Qui est vraiment concerné ?

Tout propriétaire doit déclarer ses biens, qu’il s’agisse d’une résidence principale, secondaire, d’un logement vacant ou de locaux professionnels. Les détenteurs de parts dans une SCI sont également concernés.

Nouveauté : les locataires en situation de double résidence doivent désormais déclarer leur résidence secondaire. Cette obligation s’applique particulièrement aux personnes ayant une double résidence pour raisons professionnelles ou familiales.

Comment effectuer sa déclaration ?

Deux options s’offrent aux propriétaires : la déclaration en ligne via l’espace personnel sur impots.gouv.fr (onglet « biens immobiliers »), ou le formulaire papier Cerfa 1208-OD-SD.

Les informations sont généralement préremplies par l’administration fiscale, mais il est crucial d’en vérifier l’exactitude. Une déclaration erronée est tout aussi sanctionnable qu’une absence de déclaration.

Changements et mises à jour obligatoires

Si votre situation a évolué entre le 1er janvier 2024 et le 1er janvier 2025 (achat d’un bien, changement d’usage ou d’occupant), une nouvelle déclaration complète est nécessaire.

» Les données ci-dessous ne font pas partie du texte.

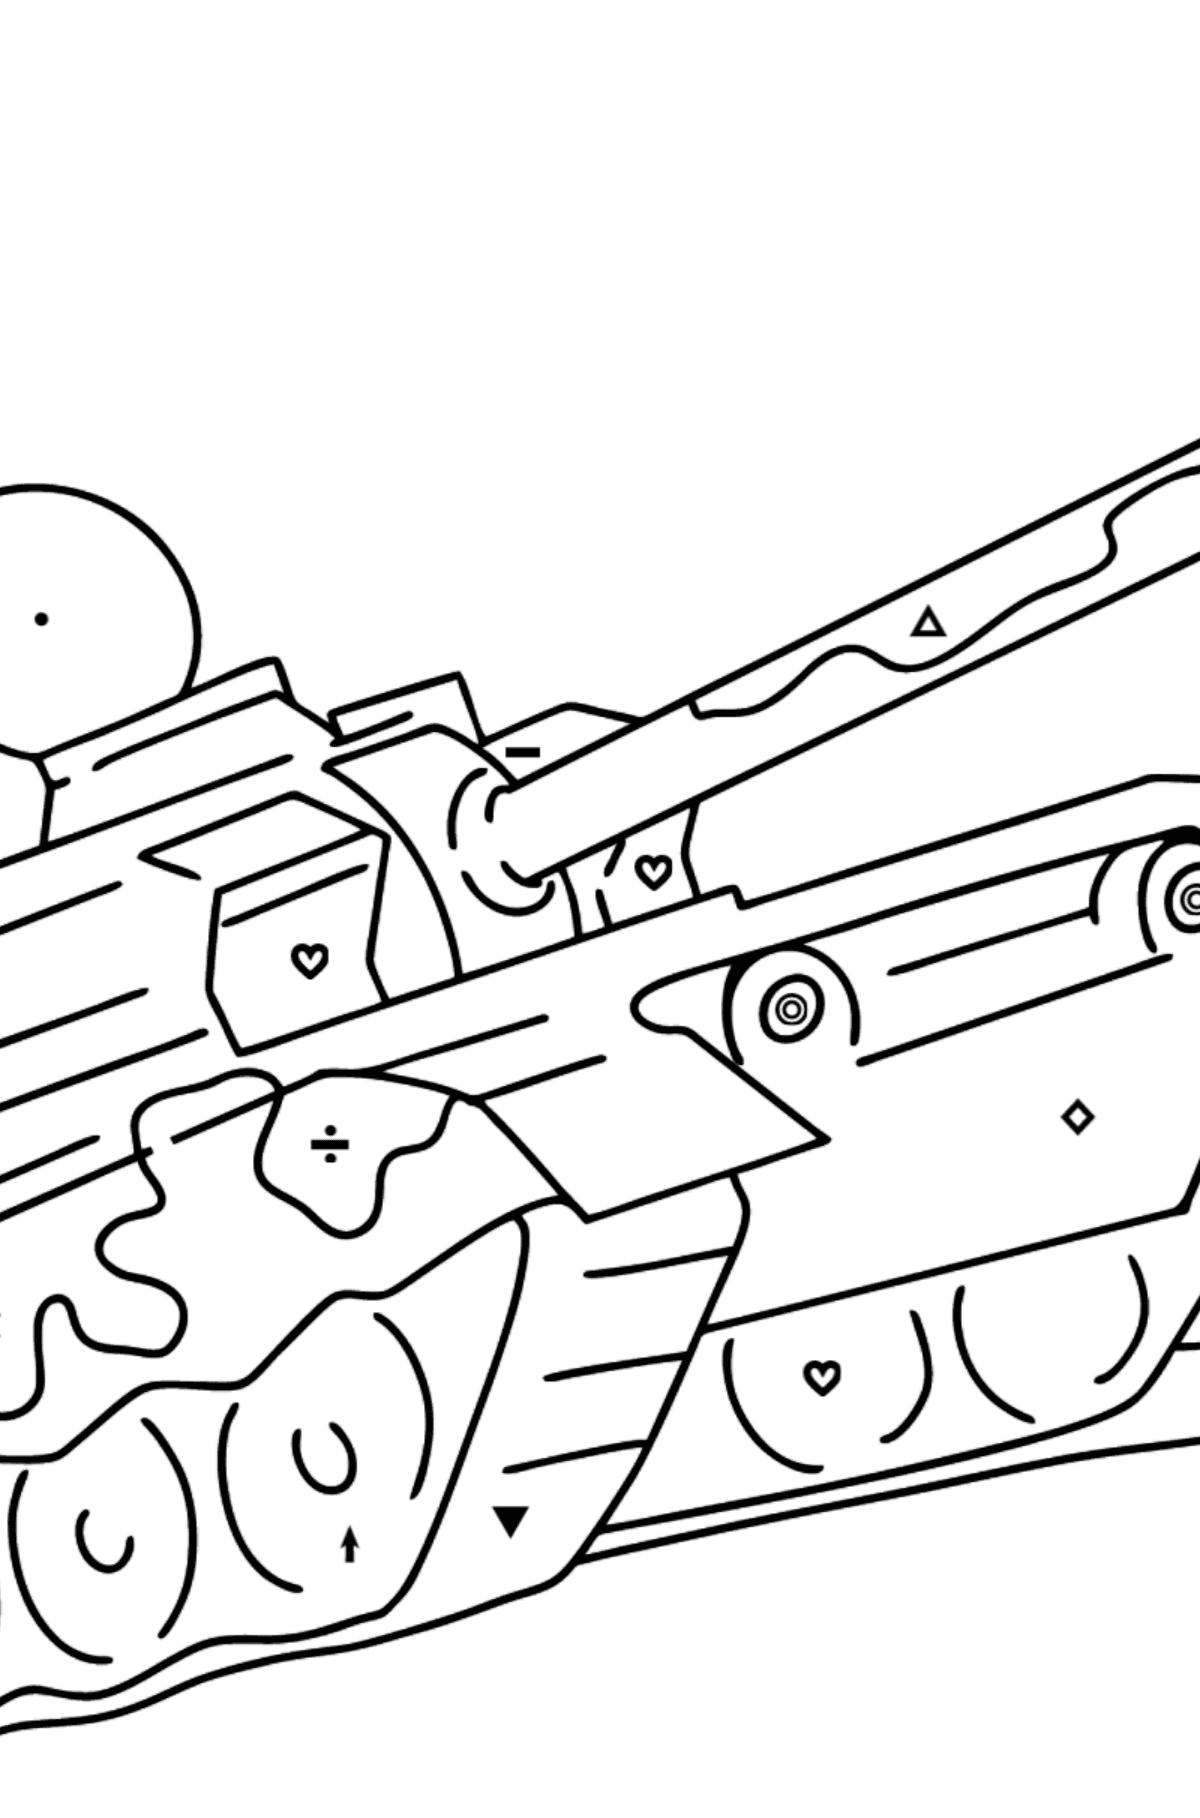 Розмальовка Військовий танк - Розмальовка по Символам і Геометричним Фігурам для дітей

Cette actualisation est indispensable pour éviter toute erreur dans la base de données fiscale et les potentielles sanctions qui en découleraient.

Échéances et sanctions : ce qu’il faut retenir

La date limite unique est fixée au 1er juillet. À partir de 2026, l’administration fiscale appliquera strictement l’amende de 150 euros par bien non déclaré ou mal déclaré.

Pour un propriétaire possédant plusieurs biens, la sanction pourrait donc être multipliée par le nombre de biens concernés.

Conclusion

Face à cette obligation fiscale désormais bien établie, la vigilance s’impose. Les propriétaires ont tout intérêt à régulariser leur situation avant 2026, date à laquelle la tolérance administrative prendra fin.

Cette démarche, bien que contraignante, vise à optimiser la gestion de la fiscalité immobilière suite à la suppression de la taxe d’habitation sur les résidences principales.